• [WORK INSTRUCTION]:
In the data below, the copy begins at the line containing "美女模特安然Maleah黑丝美腿空姐制服系列重庆旅拍" and runs through the last line; repeat those lines exactly, minus the pictures.

• [SOURCE MATERIAL]:
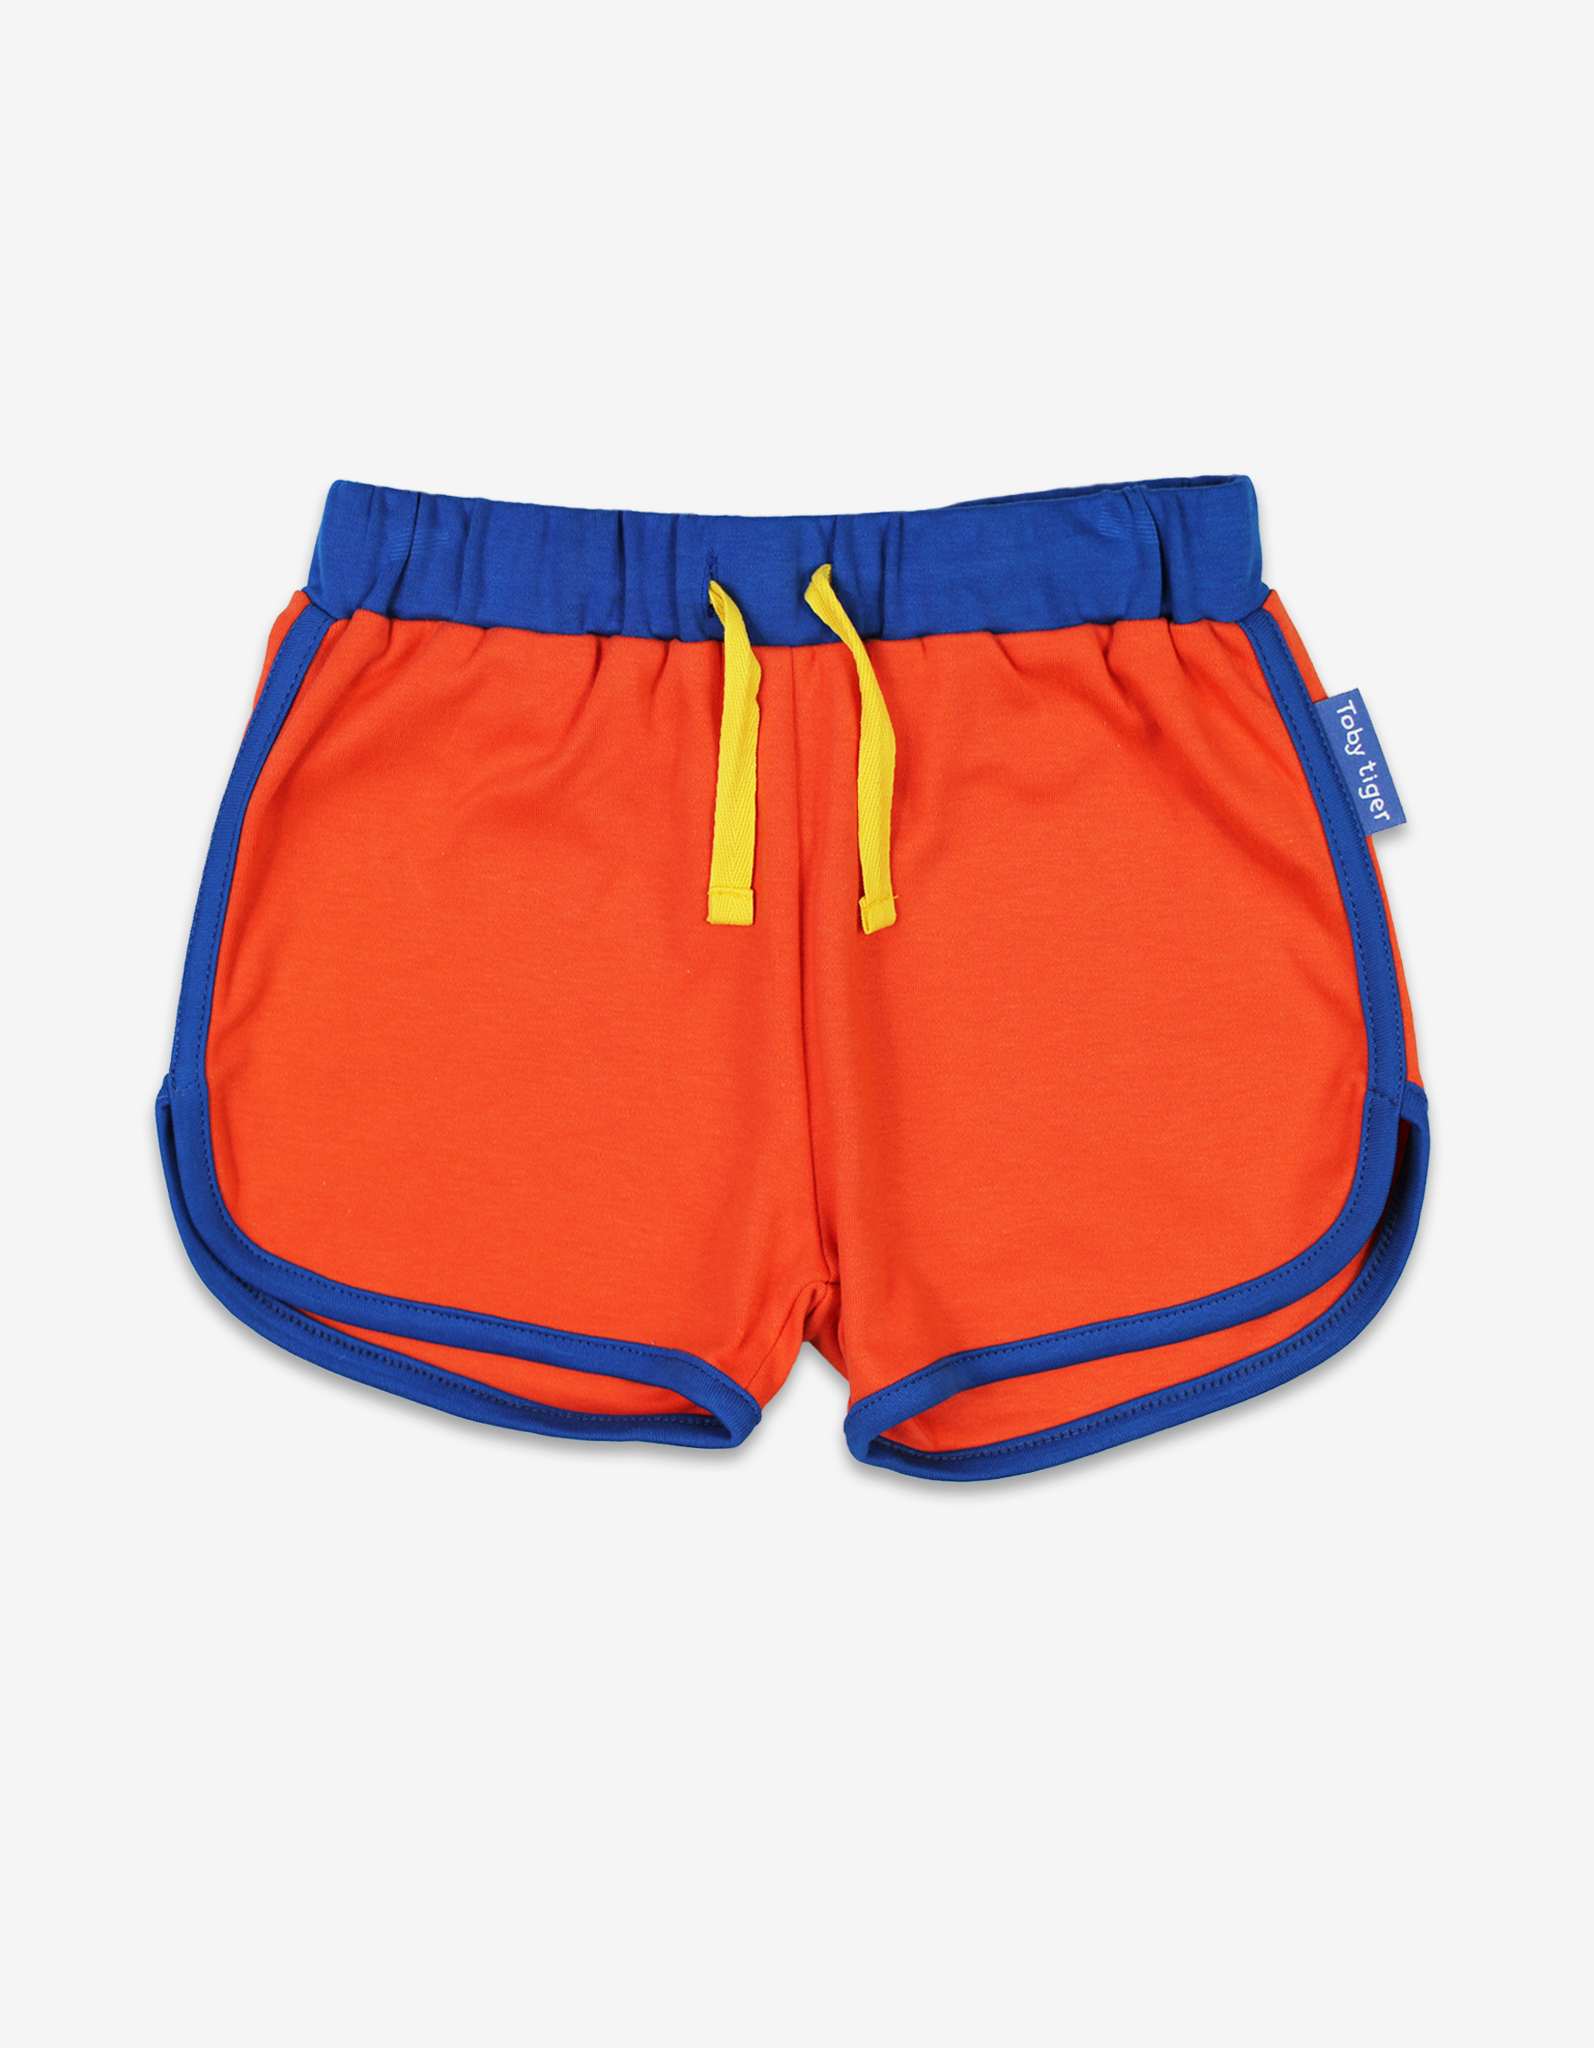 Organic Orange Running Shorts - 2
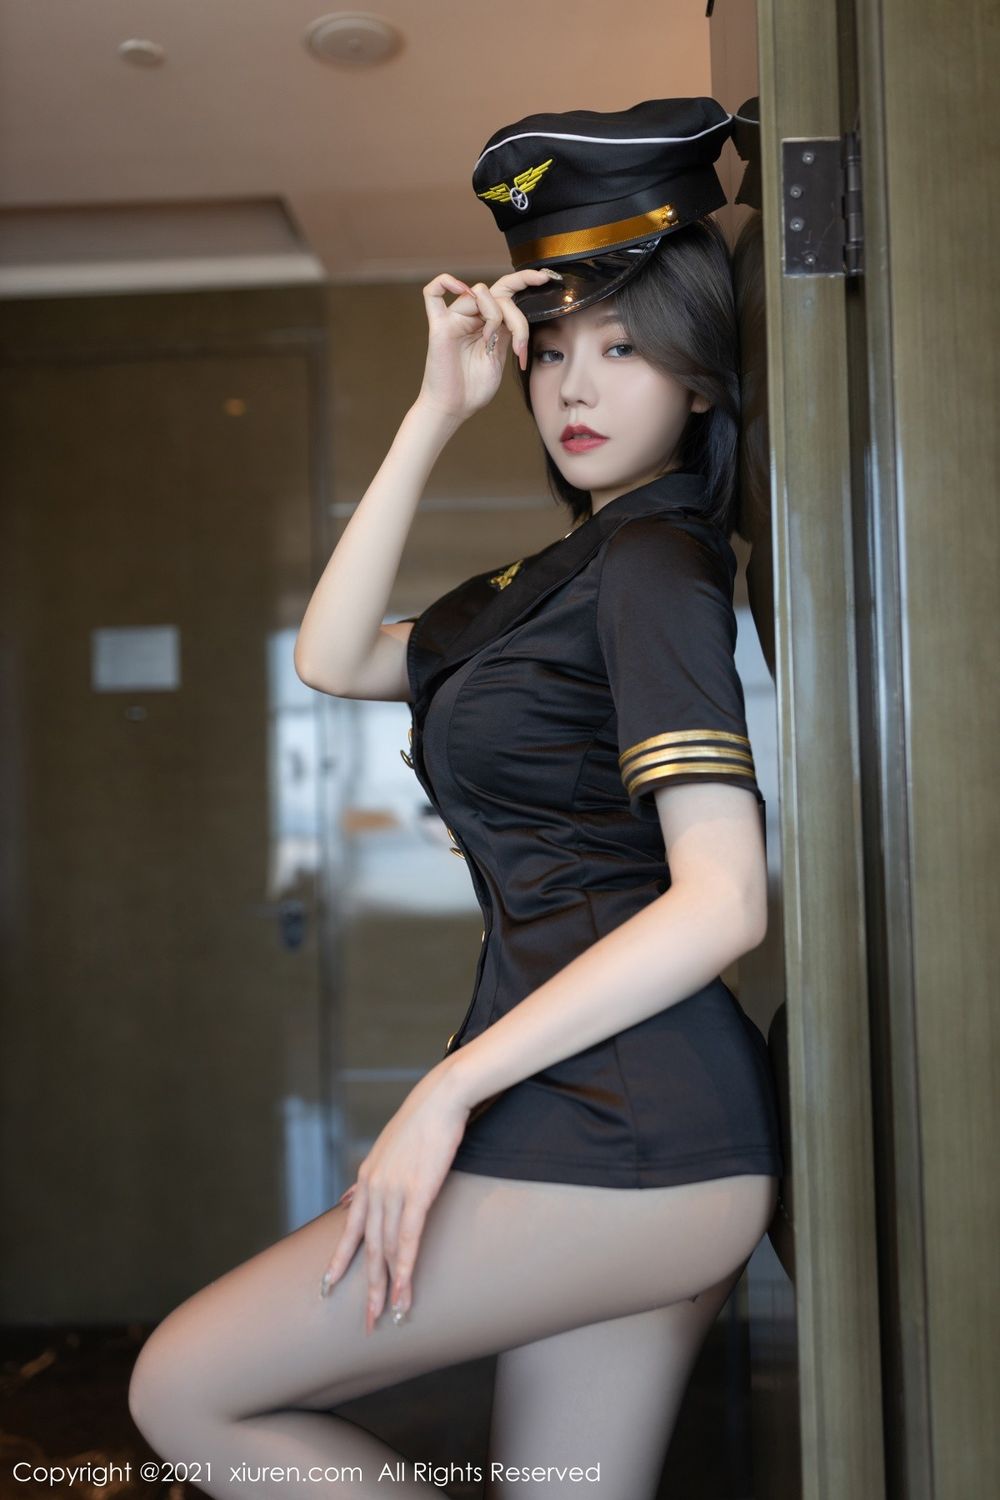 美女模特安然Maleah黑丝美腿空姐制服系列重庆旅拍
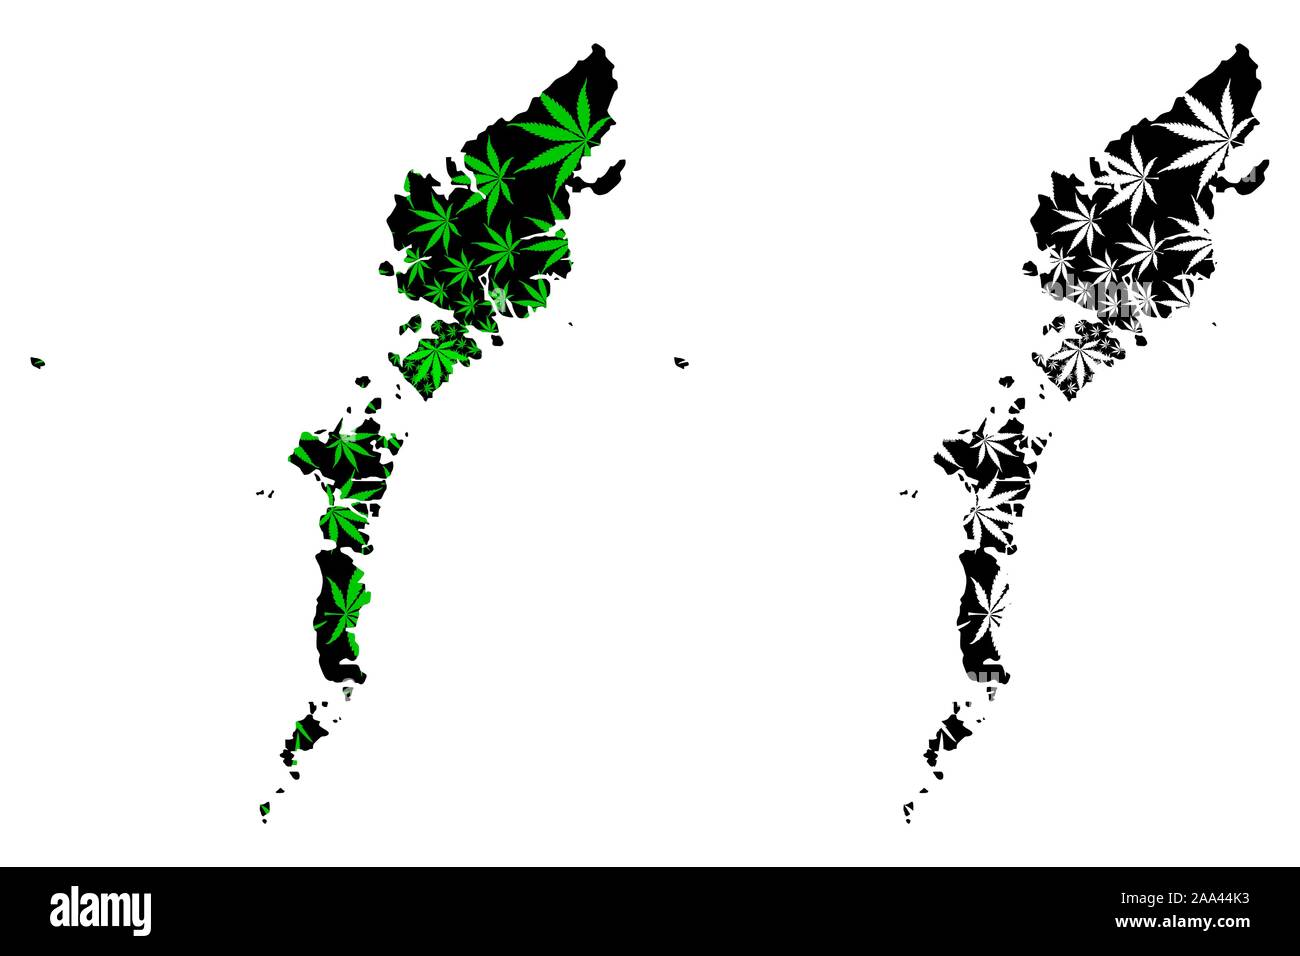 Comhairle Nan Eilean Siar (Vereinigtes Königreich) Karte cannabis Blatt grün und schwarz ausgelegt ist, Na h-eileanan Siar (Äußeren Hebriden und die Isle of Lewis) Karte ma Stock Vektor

• [EXERCISE OUTPUT]:
 美女模特安然Maleah黑丝美腿空姐制服系列重庆旅拍
 Comhairle Nan Eilean Siar (Vereinigtes Königreich) Karte cannabis Blatt grün und schwarz ausgelegt ist, Na h-eileanan Siar (Äußeren Hebriden und die Isle of Lewis) Karte ma Stock Vektor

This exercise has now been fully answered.